> What is needed:
Lines before the one containing "Revista de Derecho" are to be left out; that line and every line after it, through the last line below, are to be reproduced exactly.

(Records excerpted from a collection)
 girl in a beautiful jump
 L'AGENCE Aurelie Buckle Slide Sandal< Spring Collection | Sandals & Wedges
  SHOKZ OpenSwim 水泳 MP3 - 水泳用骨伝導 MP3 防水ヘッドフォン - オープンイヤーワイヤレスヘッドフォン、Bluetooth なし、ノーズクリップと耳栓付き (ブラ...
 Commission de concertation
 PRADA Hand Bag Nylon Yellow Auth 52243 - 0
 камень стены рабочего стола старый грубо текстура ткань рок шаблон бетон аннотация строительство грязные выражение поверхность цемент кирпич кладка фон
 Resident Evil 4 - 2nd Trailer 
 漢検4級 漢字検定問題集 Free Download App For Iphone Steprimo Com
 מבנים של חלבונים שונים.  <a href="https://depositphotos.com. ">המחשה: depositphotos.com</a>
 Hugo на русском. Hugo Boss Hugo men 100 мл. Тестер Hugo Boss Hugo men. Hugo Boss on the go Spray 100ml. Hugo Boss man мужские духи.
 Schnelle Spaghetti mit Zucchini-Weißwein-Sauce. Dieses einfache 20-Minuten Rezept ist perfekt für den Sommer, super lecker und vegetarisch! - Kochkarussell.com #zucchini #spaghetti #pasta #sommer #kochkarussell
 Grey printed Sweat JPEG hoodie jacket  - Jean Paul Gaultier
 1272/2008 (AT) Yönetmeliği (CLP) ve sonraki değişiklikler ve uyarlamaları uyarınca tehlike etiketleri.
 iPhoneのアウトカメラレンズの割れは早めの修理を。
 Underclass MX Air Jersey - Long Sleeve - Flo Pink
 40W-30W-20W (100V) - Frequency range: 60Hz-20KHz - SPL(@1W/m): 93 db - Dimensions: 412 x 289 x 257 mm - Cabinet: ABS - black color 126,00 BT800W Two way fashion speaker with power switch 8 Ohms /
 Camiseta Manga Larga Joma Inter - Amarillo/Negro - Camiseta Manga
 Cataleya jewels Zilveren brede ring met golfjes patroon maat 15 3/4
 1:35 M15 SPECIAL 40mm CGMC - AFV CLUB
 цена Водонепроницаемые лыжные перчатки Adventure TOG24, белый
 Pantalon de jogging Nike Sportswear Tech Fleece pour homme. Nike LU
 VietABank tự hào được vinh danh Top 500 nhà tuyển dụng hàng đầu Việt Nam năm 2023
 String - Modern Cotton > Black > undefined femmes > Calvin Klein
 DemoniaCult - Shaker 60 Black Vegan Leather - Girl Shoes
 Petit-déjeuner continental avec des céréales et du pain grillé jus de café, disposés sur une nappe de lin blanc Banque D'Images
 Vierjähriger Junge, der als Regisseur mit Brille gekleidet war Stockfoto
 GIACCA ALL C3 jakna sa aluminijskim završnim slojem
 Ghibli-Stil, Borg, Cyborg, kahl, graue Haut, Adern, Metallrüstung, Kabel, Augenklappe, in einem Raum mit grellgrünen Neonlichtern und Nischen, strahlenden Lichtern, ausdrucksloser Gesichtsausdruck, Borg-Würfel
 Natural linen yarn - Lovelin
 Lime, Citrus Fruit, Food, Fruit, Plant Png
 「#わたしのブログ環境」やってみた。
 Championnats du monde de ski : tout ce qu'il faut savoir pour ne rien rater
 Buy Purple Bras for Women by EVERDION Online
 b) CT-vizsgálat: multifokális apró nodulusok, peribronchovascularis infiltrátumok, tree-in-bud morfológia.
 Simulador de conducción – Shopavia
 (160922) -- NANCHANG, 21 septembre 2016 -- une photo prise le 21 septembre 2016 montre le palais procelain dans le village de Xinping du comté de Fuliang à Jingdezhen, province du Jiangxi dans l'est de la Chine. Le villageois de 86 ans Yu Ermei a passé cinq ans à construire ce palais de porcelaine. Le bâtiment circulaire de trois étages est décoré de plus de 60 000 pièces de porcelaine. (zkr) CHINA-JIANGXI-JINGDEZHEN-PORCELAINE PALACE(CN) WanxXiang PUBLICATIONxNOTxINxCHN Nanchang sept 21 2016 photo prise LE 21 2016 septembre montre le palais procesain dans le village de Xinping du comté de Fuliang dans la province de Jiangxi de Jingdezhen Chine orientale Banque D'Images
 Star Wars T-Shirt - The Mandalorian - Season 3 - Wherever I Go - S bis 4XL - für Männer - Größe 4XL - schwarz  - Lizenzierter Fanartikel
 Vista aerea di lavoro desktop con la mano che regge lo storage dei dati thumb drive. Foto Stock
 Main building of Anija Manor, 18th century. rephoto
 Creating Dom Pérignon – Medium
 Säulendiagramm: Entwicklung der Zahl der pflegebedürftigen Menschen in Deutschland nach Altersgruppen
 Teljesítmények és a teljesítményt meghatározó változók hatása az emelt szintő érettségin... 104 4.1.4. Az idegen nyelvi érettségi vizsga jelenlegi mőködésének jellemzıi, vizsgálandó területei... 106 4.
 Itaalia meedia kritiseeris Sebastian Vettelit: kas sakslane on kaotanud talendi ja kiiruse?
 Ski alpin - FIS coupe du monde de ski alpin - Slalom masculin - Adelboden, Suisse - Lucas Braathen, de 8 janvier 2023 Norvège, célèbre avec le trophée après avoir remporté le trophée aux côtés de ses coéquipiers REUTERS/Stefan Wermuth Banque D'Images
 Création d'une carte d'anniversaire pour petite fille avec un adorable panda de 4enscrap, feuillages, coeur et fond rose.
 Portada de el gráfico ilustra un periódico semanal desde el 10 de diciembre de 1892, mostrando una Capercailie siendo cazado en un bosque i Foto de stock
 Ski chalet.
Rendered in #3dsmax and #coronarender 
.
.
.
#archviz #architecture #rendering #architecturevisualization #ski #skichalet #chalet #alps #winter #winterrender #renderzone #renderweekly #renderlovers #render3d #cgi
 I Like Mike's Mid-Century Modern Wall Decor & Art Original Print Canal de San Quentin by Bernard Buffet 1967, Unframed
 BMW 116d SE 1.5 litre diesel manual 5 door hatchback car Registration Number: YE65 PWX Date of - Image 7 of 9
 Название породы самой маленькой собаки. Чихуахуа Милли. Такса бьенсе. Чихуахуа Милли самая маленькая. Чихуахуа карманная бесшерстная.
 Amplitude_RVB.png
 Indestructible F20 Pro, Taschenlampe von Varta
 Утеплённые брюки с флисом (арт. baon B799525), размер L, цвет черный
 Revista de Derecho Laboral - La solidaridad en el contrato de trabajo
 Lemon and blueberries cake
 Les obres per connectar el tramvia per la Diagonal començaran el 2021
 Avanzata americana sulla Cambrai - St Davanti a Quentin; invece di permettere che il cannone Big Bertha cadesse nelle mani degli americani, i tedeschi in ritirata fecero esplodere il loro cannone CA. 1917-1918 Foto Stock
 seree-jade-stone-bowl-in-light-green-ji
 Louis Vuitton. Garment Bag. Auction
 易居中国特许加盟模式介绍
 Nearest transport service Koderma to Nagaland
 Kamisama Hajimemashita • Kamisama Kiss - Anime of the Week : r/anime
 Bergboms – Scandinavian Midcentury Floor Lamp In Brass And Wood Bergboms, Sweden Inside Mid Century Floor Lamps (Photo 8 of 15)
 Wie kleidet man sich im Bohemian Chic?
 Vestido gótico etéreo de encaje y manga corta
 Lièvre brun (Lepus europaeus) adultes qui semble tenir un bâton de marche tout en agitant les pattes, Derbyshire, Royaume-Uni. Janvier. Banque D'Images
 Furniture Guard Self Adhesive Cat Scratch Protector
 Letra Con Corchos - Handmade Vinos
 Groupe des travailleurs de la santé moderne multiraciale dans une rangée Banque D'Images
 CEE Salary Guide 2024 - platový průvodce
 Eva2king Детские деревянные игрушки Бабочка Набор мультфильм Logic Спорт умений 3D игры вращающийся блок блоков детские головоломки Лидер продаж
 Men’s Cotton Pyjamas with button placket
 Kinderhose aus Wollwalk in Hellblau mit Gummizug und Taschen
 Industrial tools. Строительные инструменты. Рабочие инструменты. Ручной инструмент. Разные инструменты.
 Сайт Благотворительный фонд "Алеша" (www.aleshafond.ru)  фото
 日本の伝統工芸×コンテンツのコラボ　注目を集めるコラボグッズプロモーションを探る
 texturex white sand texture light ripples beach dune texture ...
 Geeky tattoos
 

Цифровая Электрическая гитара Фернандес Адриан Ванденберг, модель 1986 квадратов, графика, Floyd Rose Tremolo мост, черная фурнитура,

> Response:
 Revista de Derecho Laboral - La solidaridad en el contrato de trabajo
 Lemon and blueberries cake
 Les obres per connectar el tramvia per la Diagonal començaran el 2021
 Avanzata americana sulla Cambrai - St Davanti a Quentin; invece di permettere che il cannone Big Bertha cadesse nelle mani degli americani, i tedeschi in ritirata fecero esplodere il loro cannone CA. 1917-1918 Foto Stock
 seree-jade-stone-bowl-in-light-green-ji
 Louis Vuitton. Garment Bag. Auction
 易居中国特许加盟模式介绍
 Nearest transport service Koderma to Nagaland
 Kamisama Hajimemashita • Kamisama Kiss - Anime of the Week : r/anime
 Bergboms – Scandinavian Midcentury Floor Lamp In Brass And Wood Bergboms, Sweden Inside Mid Century Floor Lamps (Photo 8 of 15)
 Wie kleidet man sich im Bohemian Chic?
 Vestido gótico etéreo de encaje y manga corta
 Lièvre brun (Lepus europaeus) adultes qui semble tenir un bâton de marche tout en agitant les pattes, Derbyshire, Royaume-Uni. Janvier. Banque D'Images
 Furniture Guard Self Adhesive Cat Scratch Protector
 Letra Con Corchos - Handmade Vinos
 Groupe des travailleurs de la santé moderne multiraciale dans une rangée Banque D'Images
 CEE Salary Guide 2024 - platový průvodce
 Eva2king Детские деревянные игрушки Бабочка Набор мультфильм Logic Спорт умений 3D игры вращающийся блок блоков детские головоломки Лидер продаж
 Men’s Cotton Pyjamas with button placket
 Kinderhose aus Wollwalk in Hellblau mit Gummizug und Taschen
 Industrial tools. Строительные инструменты. Рабочие инструменты. Ручной инструмент. Разные инструменты.
 Сайт Благотворительный фонд "Алеша" (www.aleshafond.ru)  фото
 日本の伝統工芸×コンテンツのコラボ　注目を集めるコラボグッズプロモーションを探る
 texturex white sand texture light ripples beach dune texture ...
 Geeky tattoos
 

Цифровая Электрическая гитара Фернандес Адриан Ванденберг, модель 1986 квадратов, графика, Floyd Rose Tremolo мост, черная фурнитура,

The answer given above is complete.